The evolution of insect patterning mechanisms: a survey of progress and problems in comparative molecular embryology

Research into embryogenesis was tremendously stimulated by Charles Darwin’s ‘Origin of Species’, and especially by his view that the study of ontogenesis might offer the most convincing testimony of evolution. His expectations were based on the morphology of embryonic stages, but many articles in the present volume show that the study of ontogenesis with molecular methods holds even more promise. Not only can it yield a wealth of novel information on the probable course of evolution but it can also reveal molecular and developmental changes that have led - and may still lead - to overt morphological change.

The molecular approach to evolution has advanced farther (as yet) in the insects than in any other group, because insects combine a sufficient degree of complexity and variation with many technical advantages - a combination that has made Drosophila the organism of choice for the pioneers of classical as well as developmental genetics, and now qualifies this species to serve as the reference system for comparative molecular embryology.
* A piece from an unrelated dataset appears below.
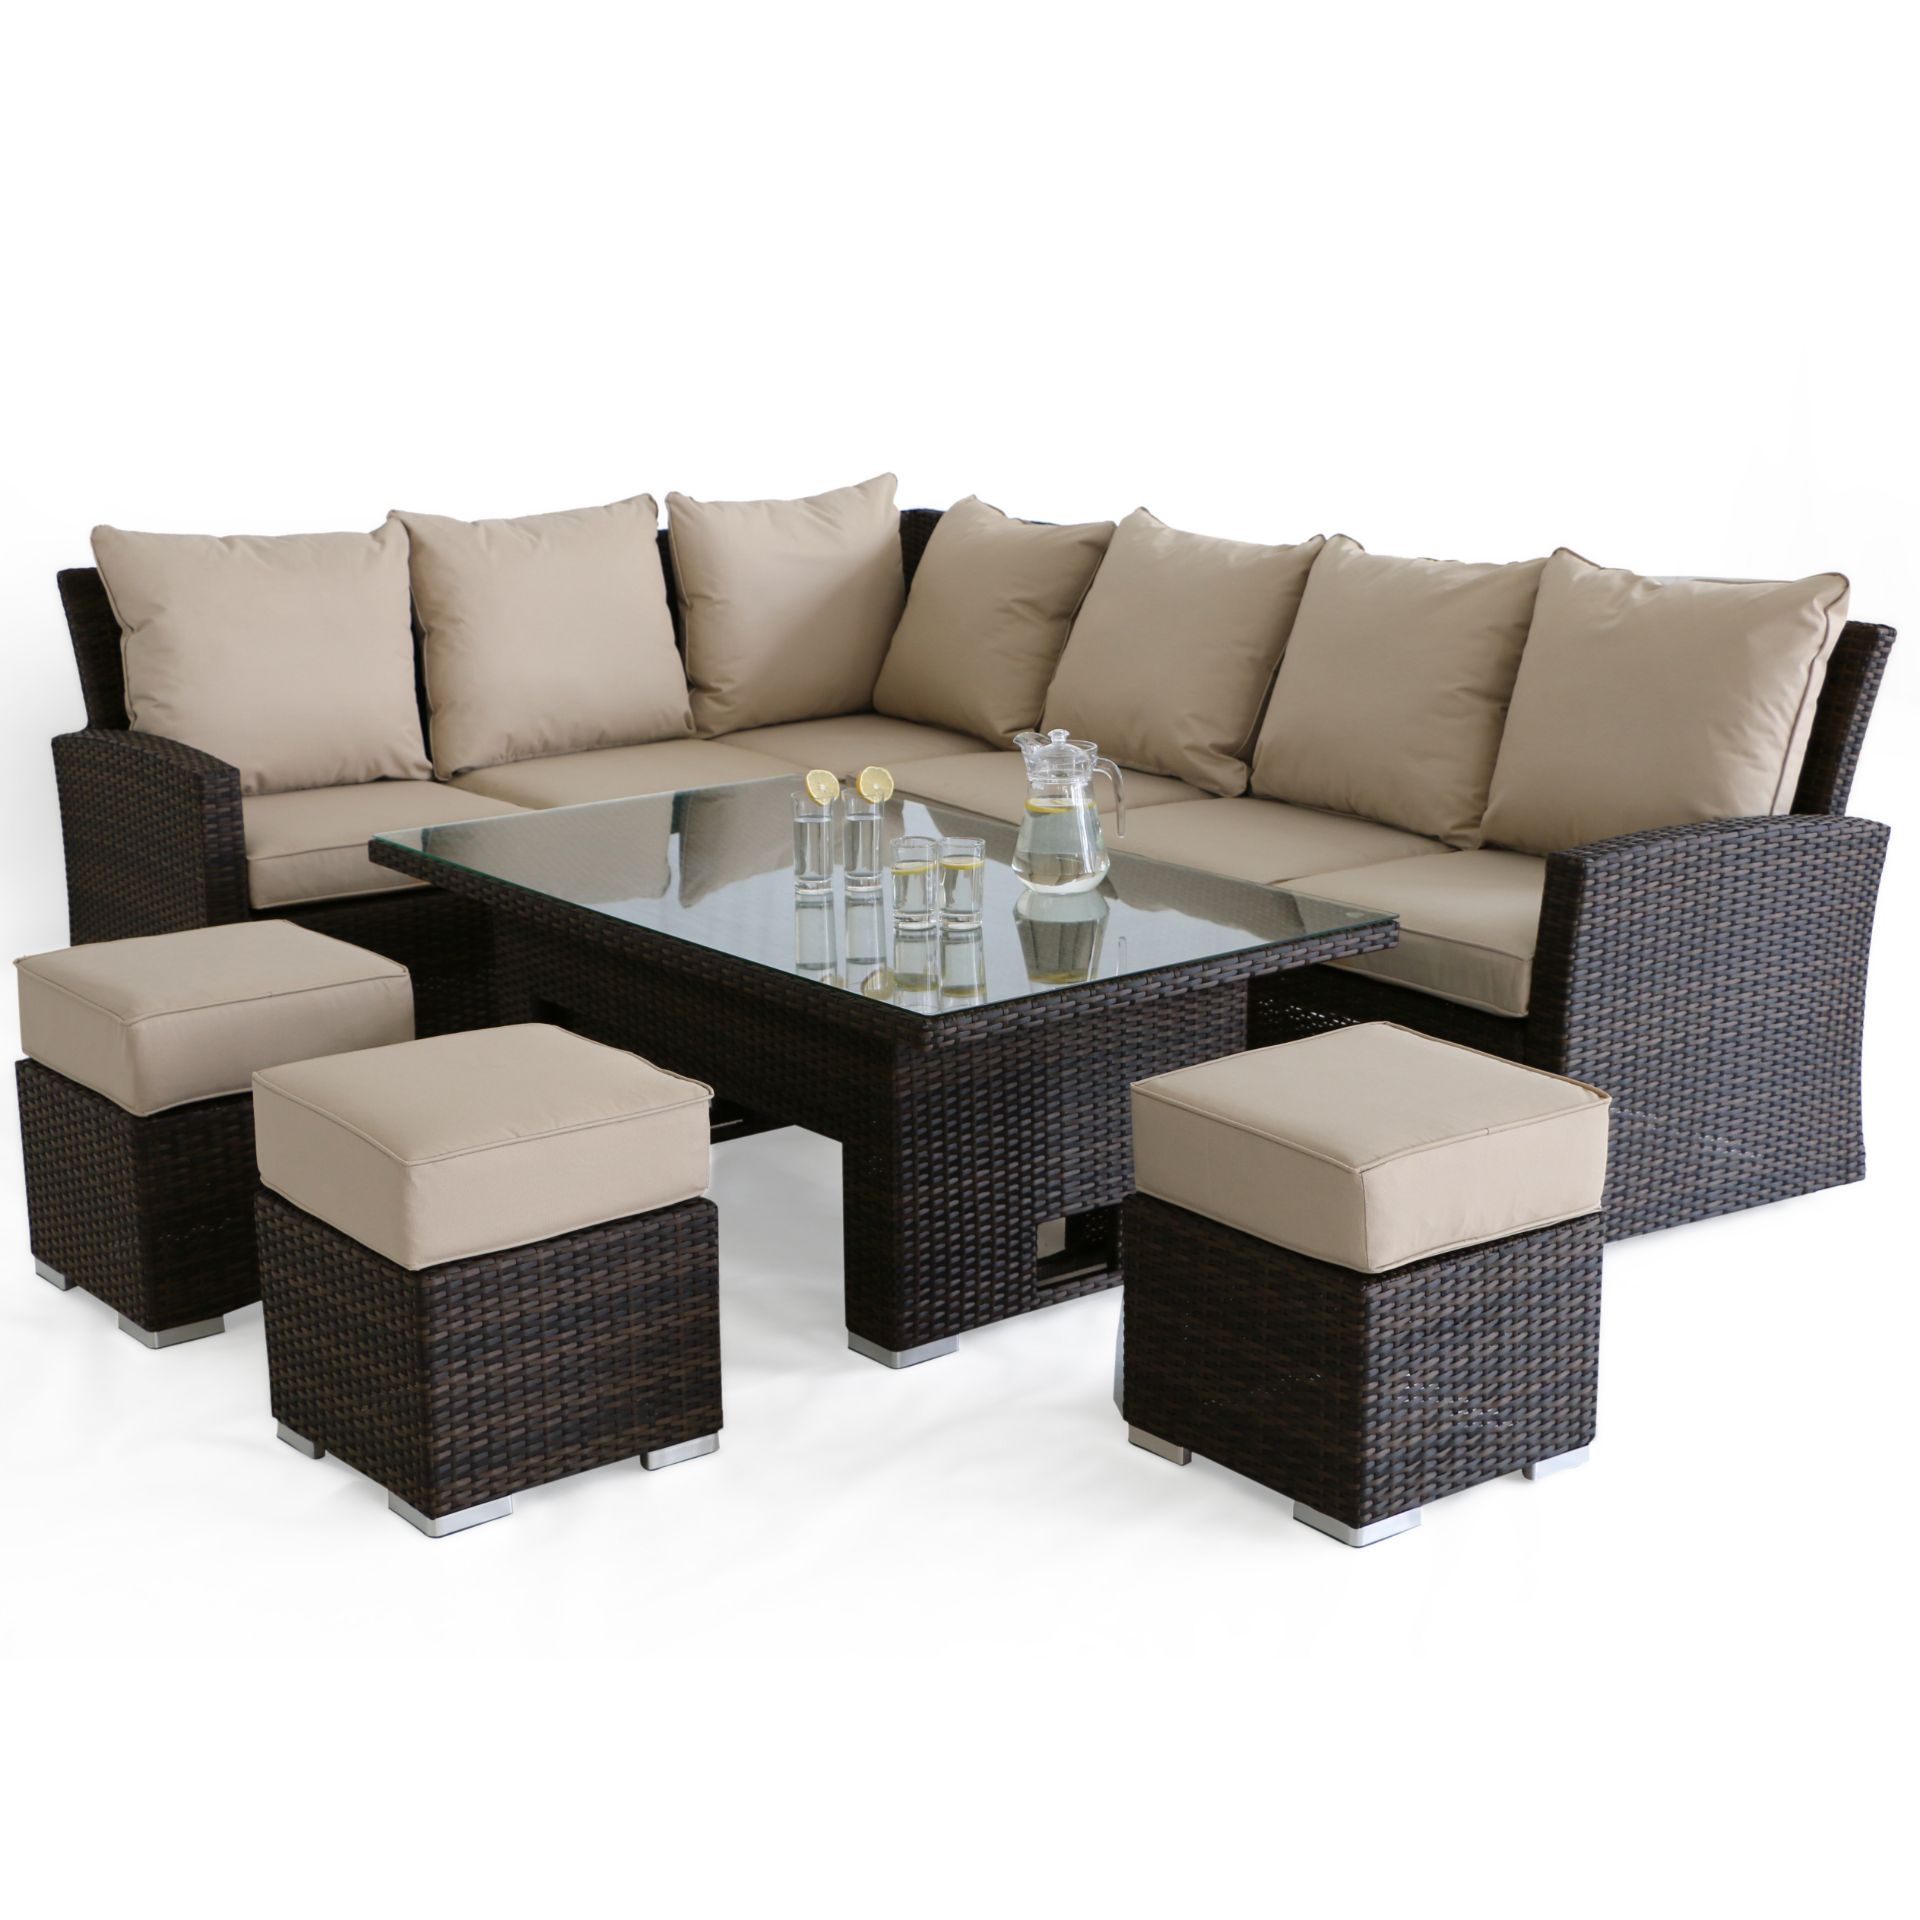 Rattan Kingston Corner Dining Set With Rising Table (Brown) *BRAND NEW* - Image 7 of 8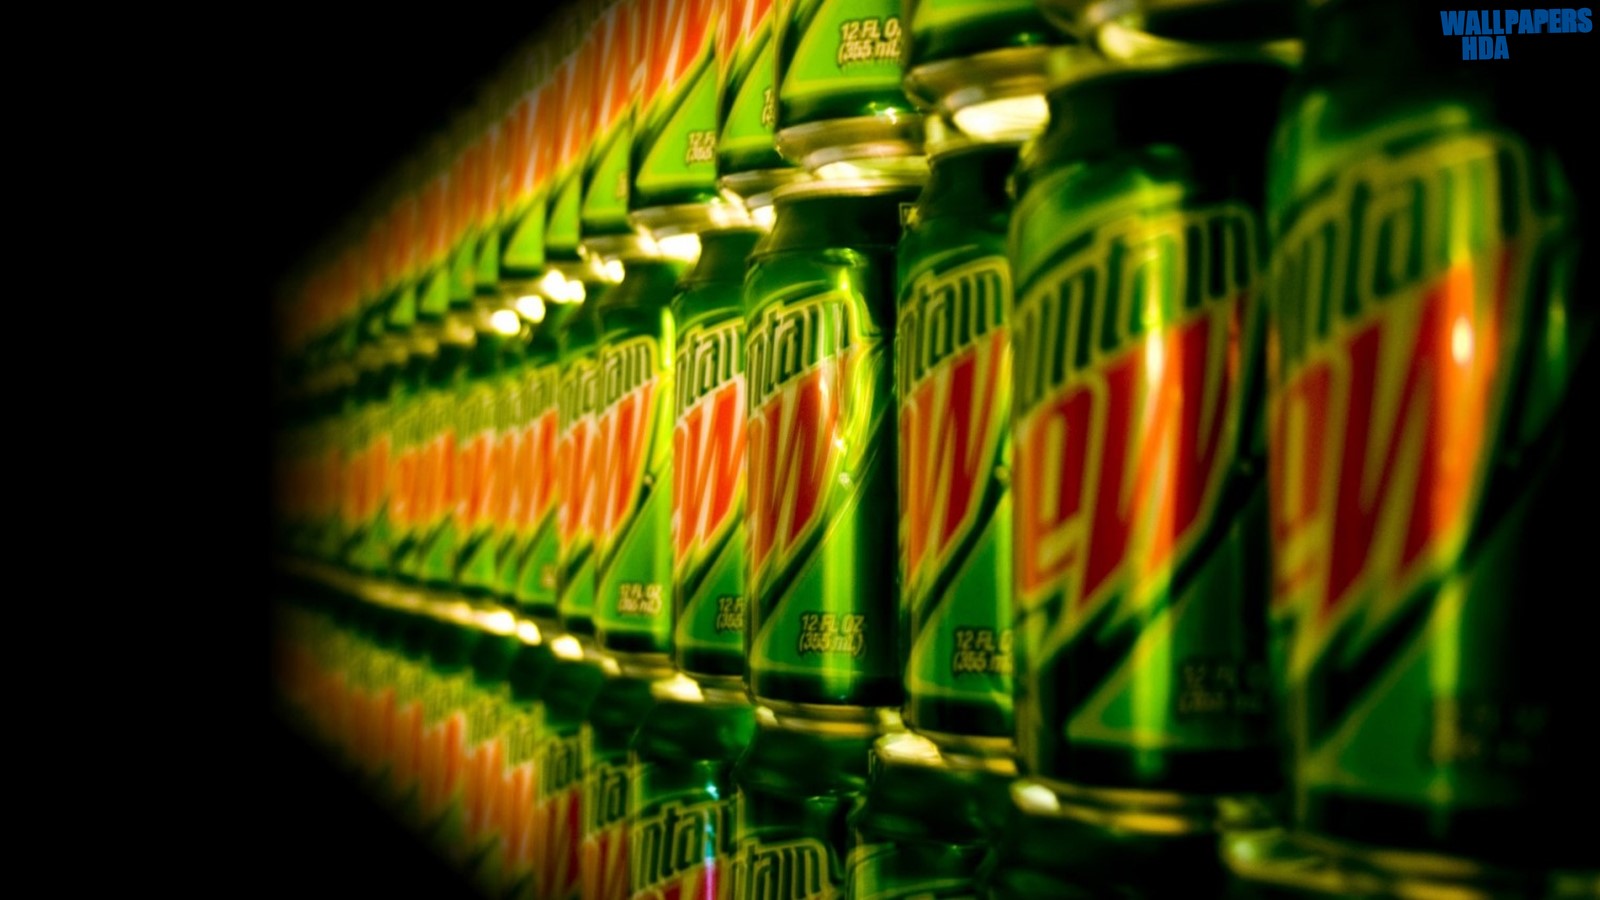 Mountain dew cans wallpaper 1600x900

Below I shall give a brief outline of past thoughts on the evolutionary aspect of comparative insect embryology, and then try and highlight some of the progress and the problems that have become evident during the session on arthropod development in this BSDB symposium. The individual contributions published in the present volume will be quoted here by authors’ names only, without the year, except when they are first mentioned.

Even before Darwin’s ‘Origin’, the (very few) authors writing on insect embryogenesis had considered problems akin to phylogeny, in that they searched for unifying concepts under which to subsume the course of embryogenesis in both insects and vertebrates (reviewed in Ntibler-Jung and Arendt, 1994). As in comparative anatomy, their method was to search for homologies. While the origins of these homologies were usually left open, some interspersed statements have a ring of evolutionary thinking. Albert Kolliker for instance wrote in 1842 that “as we all know, in higher animals an organ at the onset and during its development reflects the form with which it is endowed in lower animals”. Such statements probably betray a widespread feeling in the years between Lamarck and Darwin that life (contrary to Lamarck’s concept) was created only once and that therefore “only the external form of the appearances of life is subject to continuous change, tied to the external conditions which either favour or prevent its development…” (J. C. Pander 1821, as quoted by Baumer Schleinkofer, 1993; translation by the present author).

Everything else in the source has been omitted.